Question

Water evaporating from a pond does so as if it were diffusing across an air film 0.15 cm thick. The diffusion coefficient of water in 20 !C air is about 0.25 cm2/sec. If the air out of the film is fifty percent saturated, how fast will the water level drop in a day?

Answer 1

Answer:

The water level will drop by about 1.24 cm in 1 day.

Explanation:

Here Mass flux of water vapour is given as

                               $j_{H_2O}=\frac{D}{l} \bigtriangleup c$

where

• $j_{H_2O}$ is the mass flux of the water which is to be calculated.
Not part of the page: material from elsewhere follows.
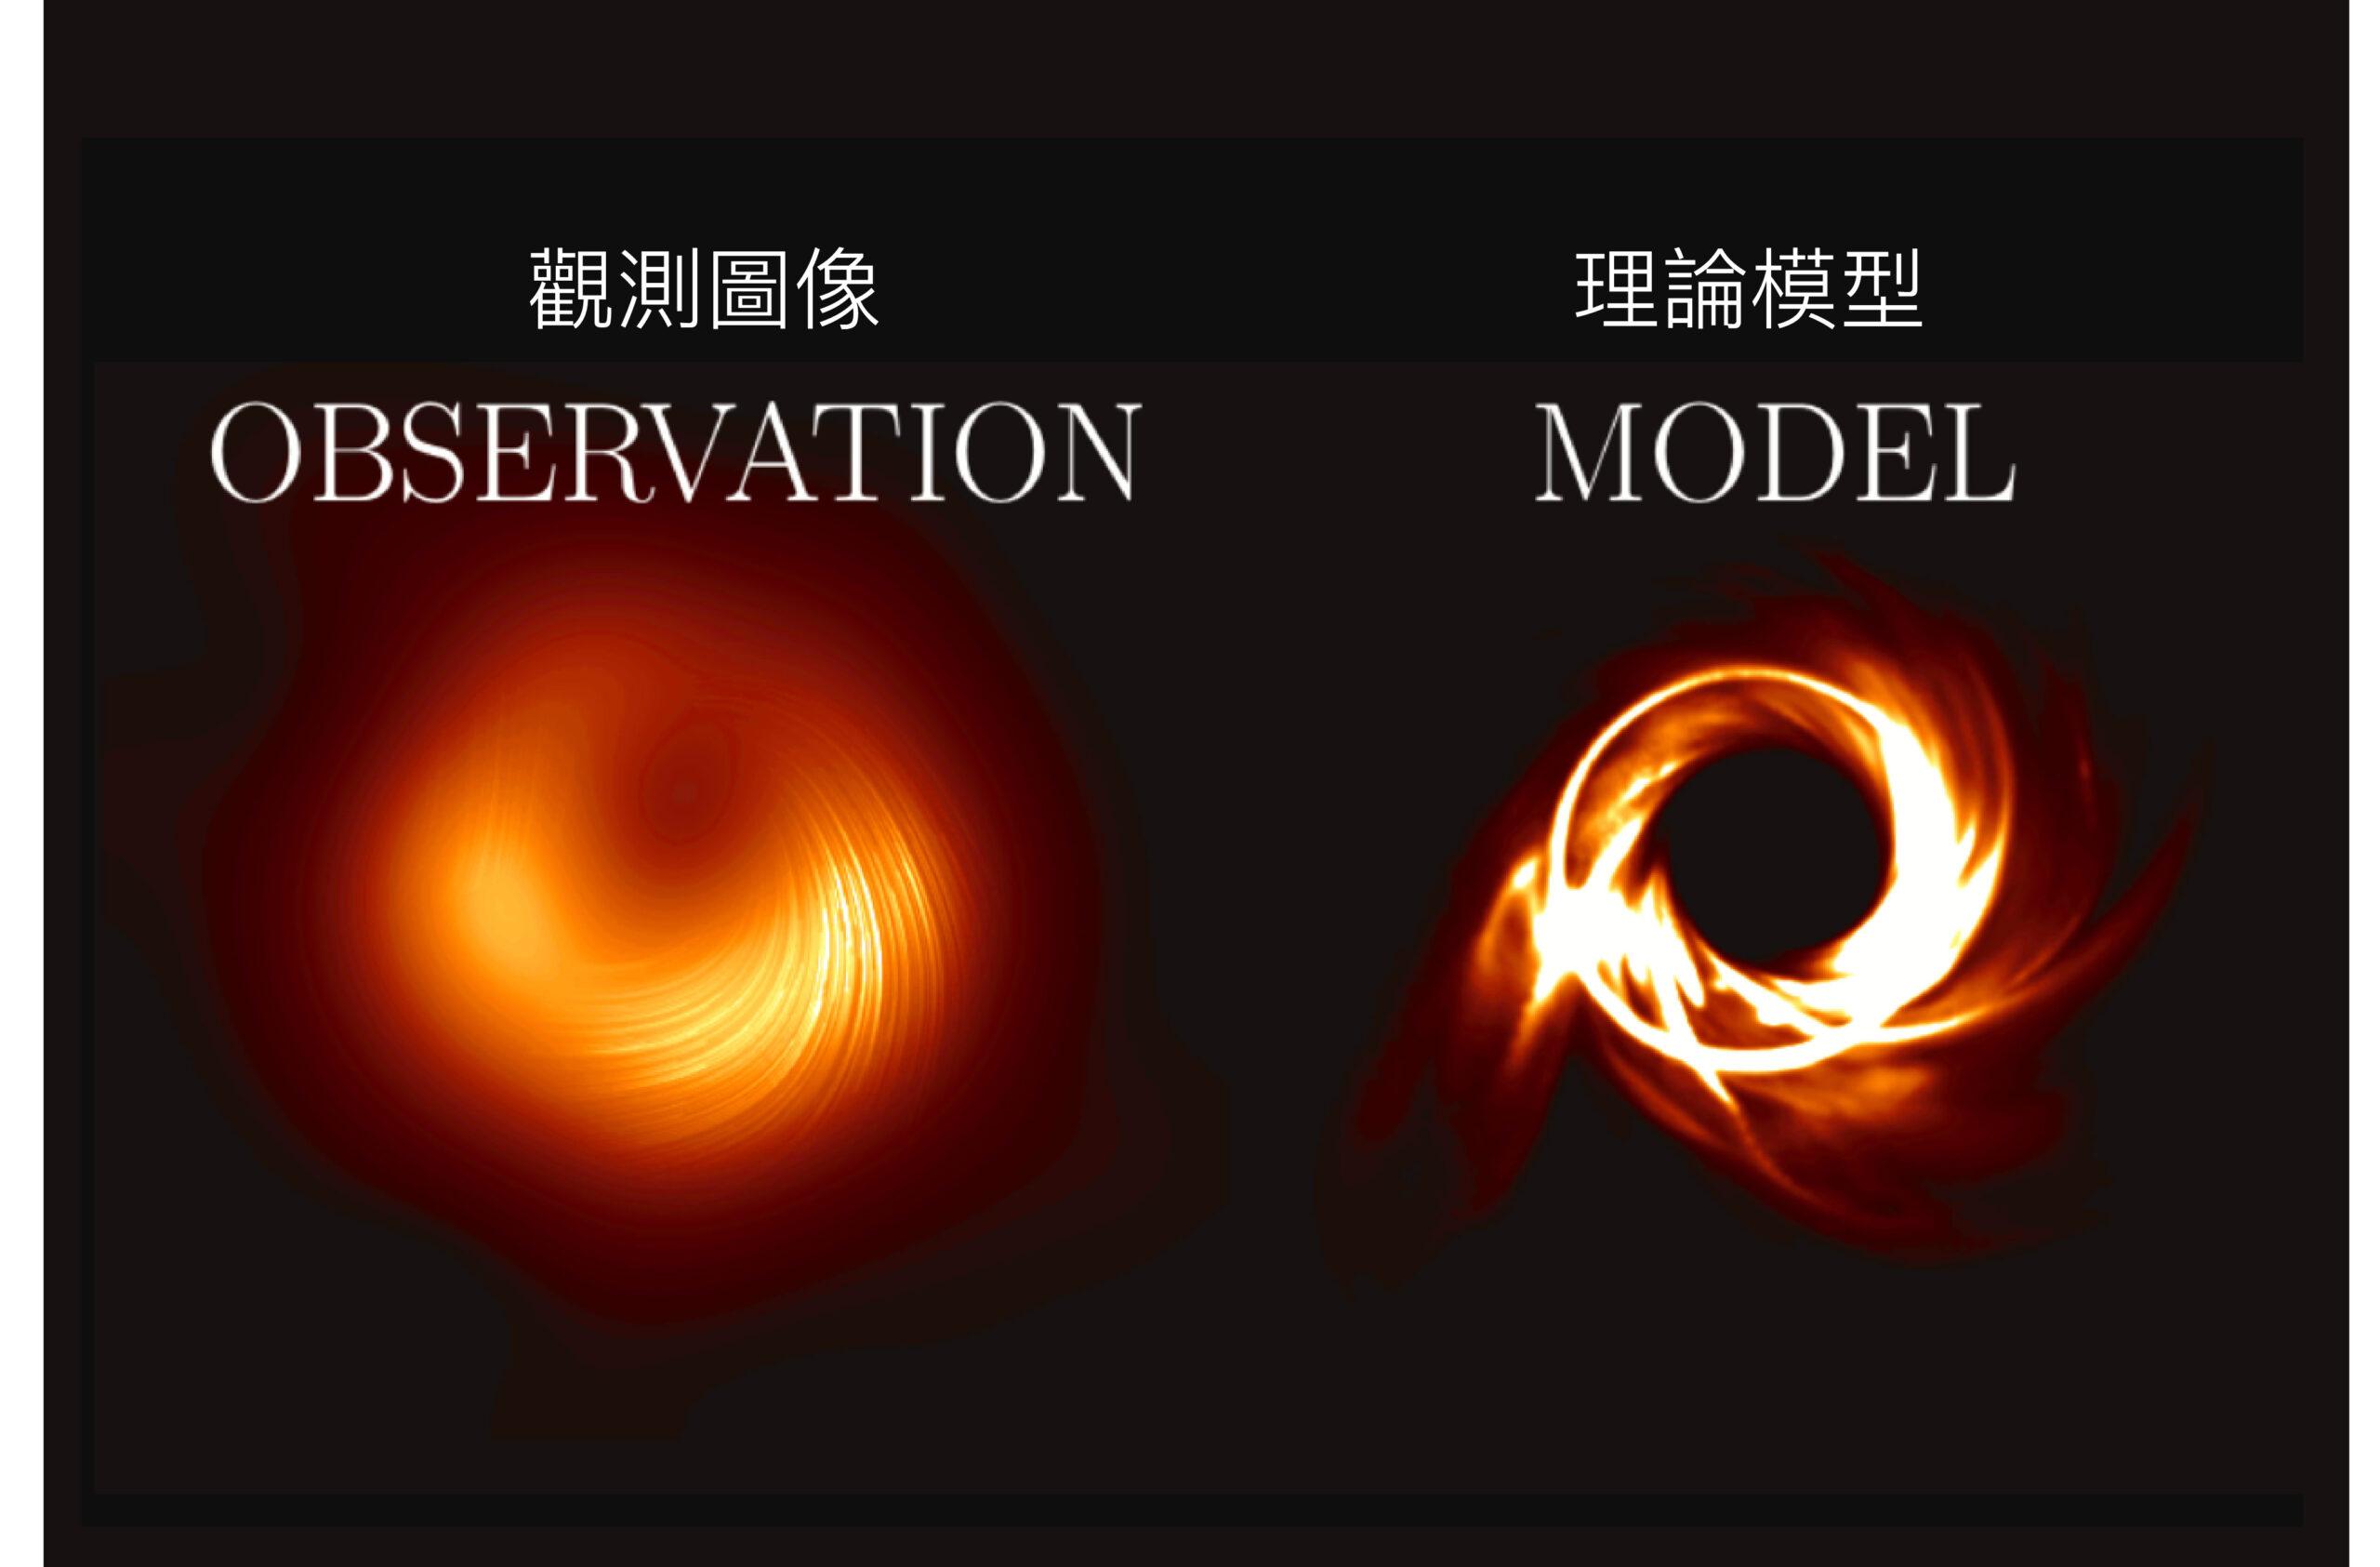 M87 黑洞觀測影像與理論模型比較,可預期未來觀測解析度提高之後,有機會看到更多細緻的結構。 圖│S. Issaoun, M. Mościbrodzka with Polarimetry WG and OWG

• D is diffusion coefficient which is given as $0.25 cm^2/s$

• l is the thickness of the film which is 0.15 cm thick.
• $\bigtriangleup c$ is given as

                                $\bigtriangleup c= \frac{P_{sat}-P_a}{RT}$

In this

• $P_{sat}$ is the saturated water pressure, which is look up from the saturated water property at 20°C and 0.5 saturation given as 2.34 Pa

• $P_a$ is the air pressure which is given as 0.5 times of $P_{sat}$

• R is the universal gas constant as $8.314 kJ/kmol-K$

• T is the temperature in Kelvin scale which is $20+273= 293K$

By substituting values in the equation

                                    $\bigtriangleup c= \frac{P_{sat}-P_a}{RT} \\ \bigtriangleup c= \frac{P_{sat}-0.5P_{sat}}{RT} \\ \bigtriangleup c= \frac{0.5P_{sat}}{RT} \\ \bigtriangleup c= \frac{0.5 \times 2.34}{8.314 \times 293} \\\bigtriangleup c= 0.48 mol/m^3$

Converting $\bigtriangleup c$ into $cm^3/cm^3$

As 1 mole of water 18 $cm^3$ so

                               $\bigtriangleup c= 0.48 mol/m^3 \\ \bigtriangleup c= 0.48 \times 18 \times 10^{-6} cm^3/cm^3 \\ \bigtriangleup c= 8.64 \times 10^{-6} cm^3/cm^3$

Putting this in the equation of mass flux equation gives

                            $j_{H_2O}=\frac{D}{l} \bigtriangleup c \\ j_{H_2O}=\frac{0.25}{0.15} \times 8.64 \times 10^{-6} \\ j_{H_2O}=14.4 \times 10^{-6} cm/s$

For calculation of water level drop in a day, converting mass flux as

                     $j_{H_2O}=14.4 \times 10^{-6} \times 24 \times 3600 cm/day\\ j_{H_2O}=1.24 cm/day$

So the water level will drop by about 1.24 cm in 1 day.